The in vitro drug release results depicted that the relatively high initial burst release from formulations containing 0.5% TA of F1 and F2 was due to the fast transition of sol-to-gel formation which was driven by the rapid dissipation of highly water miscible organic solvent NMP into aqueous environment. Therefore, TA presented on the surface diffused out rapidly through large pores and water accessible channels which were created during fast phase separation [5].

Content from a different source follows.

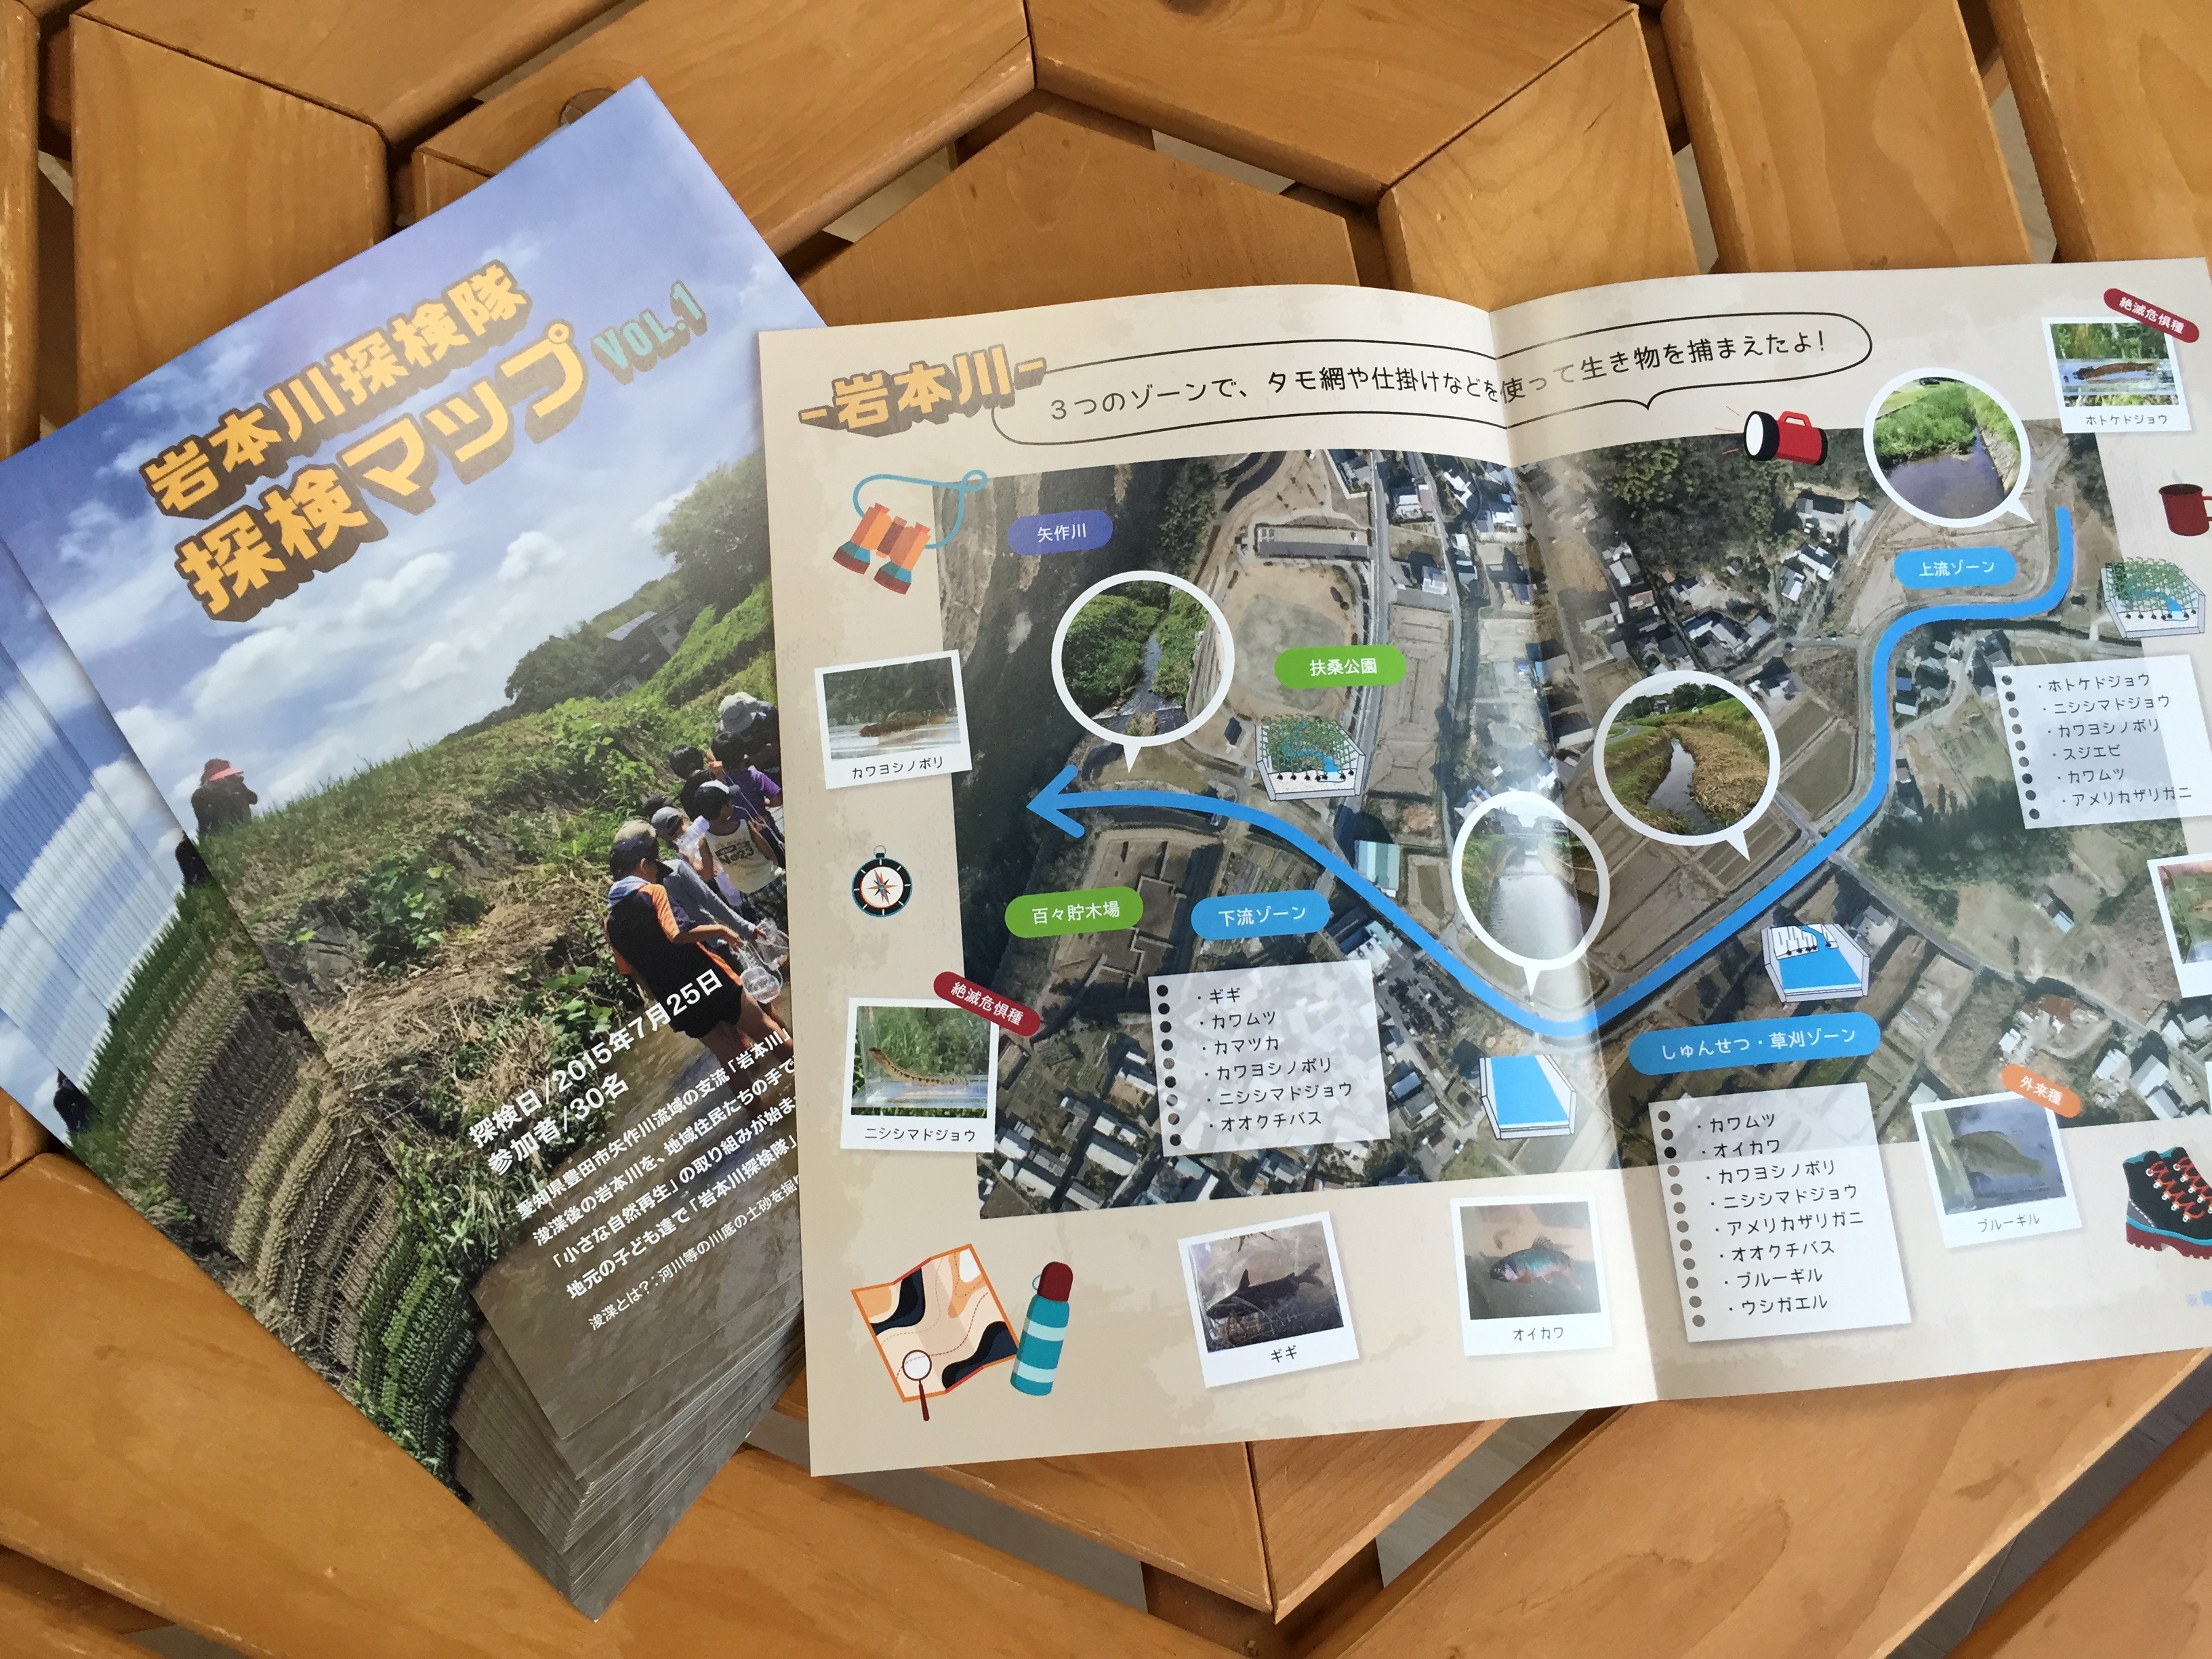 豊田市ふるさとの川づくり事業 岩本川探検隊マップVOL.1を発行しました

However, uncommon phenomenon was observed where the rate of drug release decreases as drug concentration increases without any burst release. This could be explained by the hydrophobic nature of TA where it experienced more intense hydrophobic drug-polymer interaction. As a result, the drug molecules retained at the polymer matrix as it solidifies resulting in less diffusion of drug molecules. In addition, increased viscosity of the formulations together with the hydrophobicity of the matrix also contributed to this event where it retards the water uptake system and slowing phase inversion process. All these factors were assumed to exert a great impact to the rate of drug release, causing distinctive total releases of drug between the three formulations. Nevertheless, this is a good scenario in the aspects of therapeutic and economic view as it is able to prolong the effective lifespan of the implant. Furthermore, the less susceptibility to burst release is also beneficial where it minimise the potential local and systemic toxicity especially when dealing with narrow therapeutic index drugs.

At day 1 of in vitro release study, the implants showed a smooth surface, and as the time progresses the implants appeared to be with porous surface and become smaller in size by day 42 (Fig. 6). The degradation of implant mass was due to the hydrolytic process of the matrix and the drug, resulting in the release of water-soluble PLGA degradation products (lactic and glycolic acid) which are eliminated from the body through Krebs cycle [4, 7]. Therefore, the entire polymer matrix was hydrolyzed leading to a homogenous degradation products formation and later bulk erosion [3].

All formulations exhibited first-order release pattern where the formulations showed higher r2 value for first-order release compared to zero-order. All the formulations showed higher r2 value for Higuchi model compared to Hixon-Crowell, and it demonstrates that drug release followed the diffusion mechanism. The release mechanism was further confirmed by release exponent (n) value from Korsemeyer-Peppas model. The ‘n’ value was found to be greater than 0.6 for all the formulations which indicated that drug release from implants followed non-Fickian diffusion, i.e. a combination of both diffusion and erosion mechanism.

Conclusions

Triamcinolone acetonide was successfully formulated as prolong released ISFI using PLGA and NMP. All the formulations exhibited good syringeabilty and rheological properties. The drug release was constant and sustained over a period of 42 days. Therefore, the developed formulations may improve patient’s compliance and convenience by reducing the frequency of drug administration and could be a viable alternative to existing treatments.